Значит, мы обитаем в более светлой среде, а вокруг нас простирается бесконечная, объятая мраком область воспоминаний, размышлений, чувствований и бессвязных, нескоординированных мыслей, которые теоретически «принадлежат» нам, но, по-видимому, не являются частью нашего сознательного «я». (Робость не позволила мне спросить профессора Джеймса, не обстоит ли дело все же так, что мы вовсе не владеем этими сторонами личности — что такие феномены принадлежат равно объективному миру и нашему субъективному «я».) Вполне возможно, что существует стихия некоего неопределенного свойства: океаническая, вечносущая и живая, против которой человеческая особь воздвигает временные барьеры в ходе непрерывного процесса своего единичного и обособленного выживания, подобно тому как и сам океан, по видимости, разделяет острова, которые в действительности вовсе не являются островами, а суть зримые части суши, накрепко соединенные под поверхностью воды. Жизнь наша, таким образом, подобна этим островам… Профессор Джеймс и я согласно признали, что все это не более чем вероятность.

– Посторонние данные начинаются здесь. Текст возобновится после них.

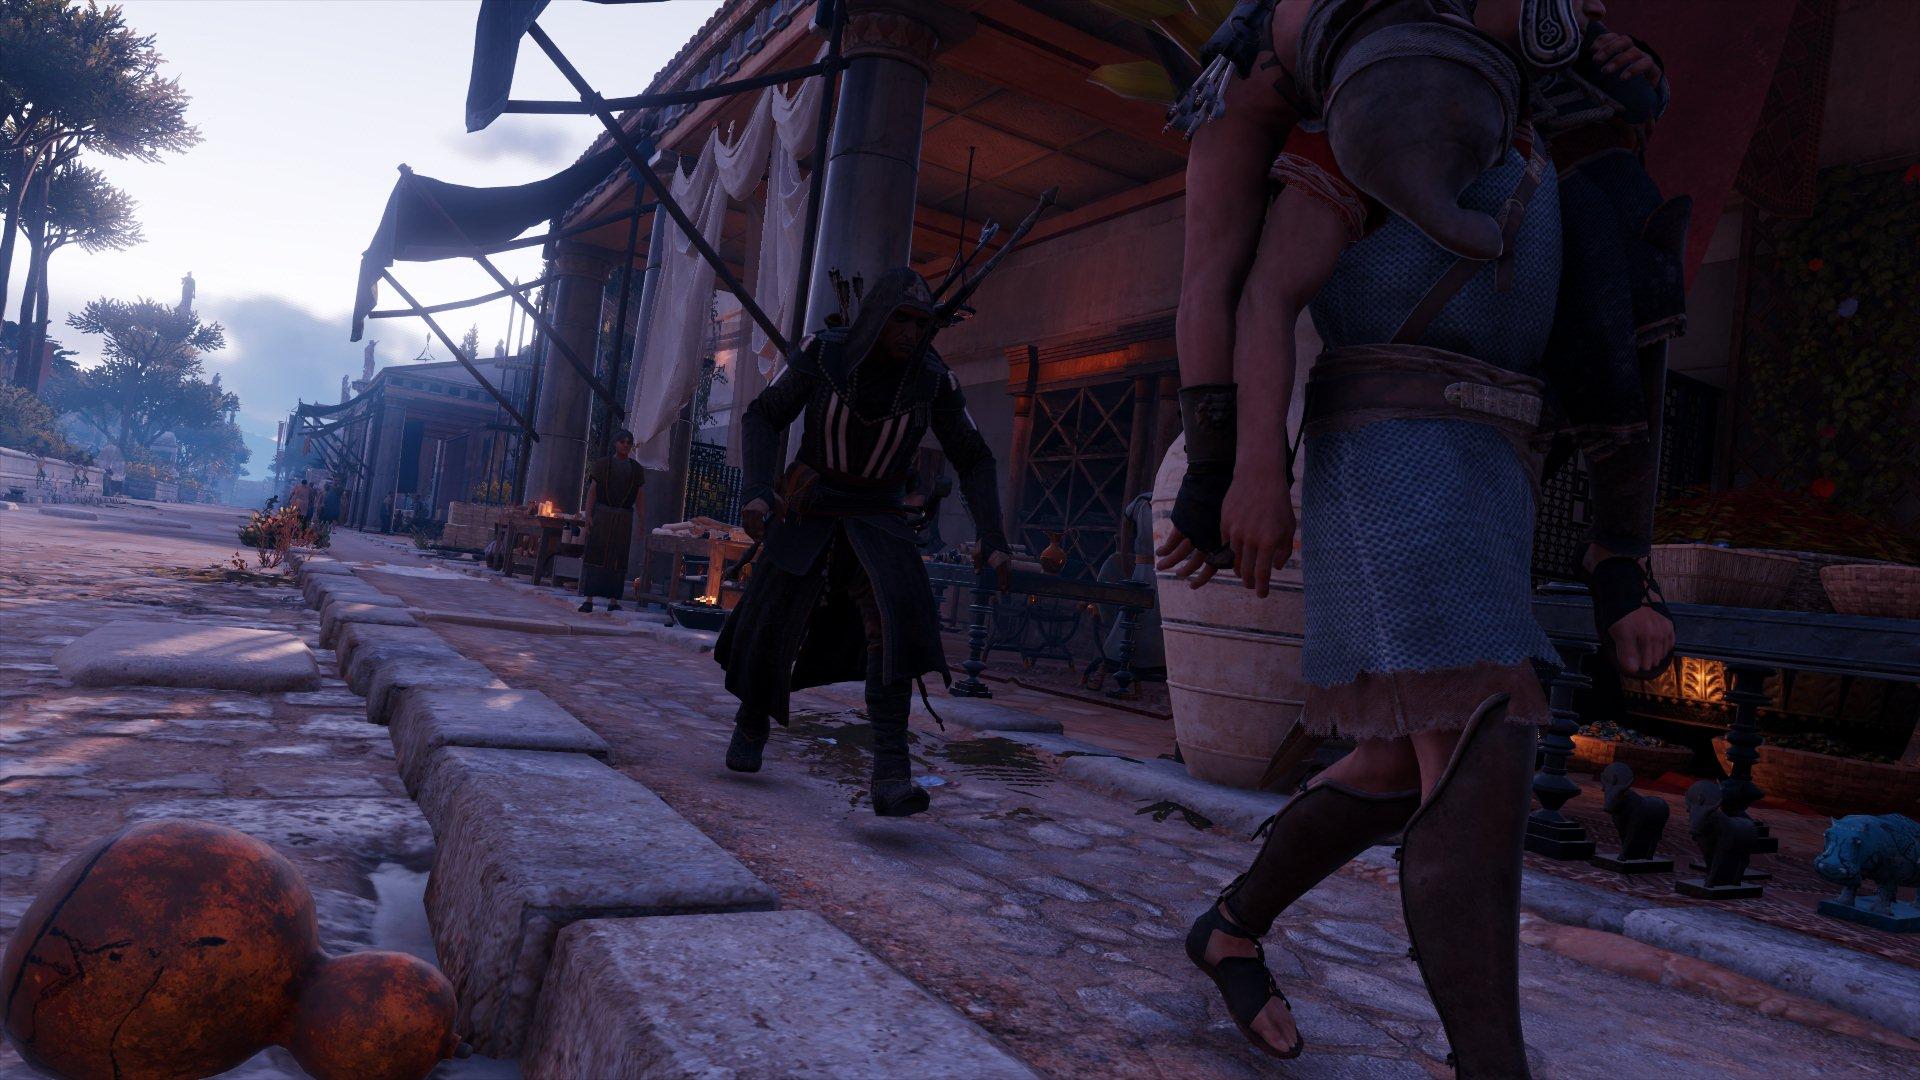 Assassin's Creed® Истоки__47.jpeg - Assassin's Creed: Origins

Джеймс, конечно, знаком с Перри Муром. Но когда я упомянул, что поведение бедняги становится все эксцентричнее, отказался обсуждать эту тему. (Может статься, знает ситуацию даже лучше меня — у него множество знакомых в Кембридже и Бостоне.) Я несколько раз переводил нашу беседу на возможность естественного опыта «обращения» в системе эволюции собственного «я» личности, вне зависимости от того, как оно расценивается его семьей, коллегами и обществом в целом, и профессор Джеймс как будто согласился со мной, во всяком случае, он не был решительно против. Касательно утверждений спиритуалистов, а также всех евангелических и фанатических религиозных движений, он, разумеется, придерживается позиции здорового скептицизма, хотя и является одновременно ярым противником «рационалистского» взгляда и полагает, что исследования психики, предпринимаемые некоторыми из нас, в конечном счете откроют богатства — обнажив стороны человеческой психики, недоступные для изучения никаким иным образом.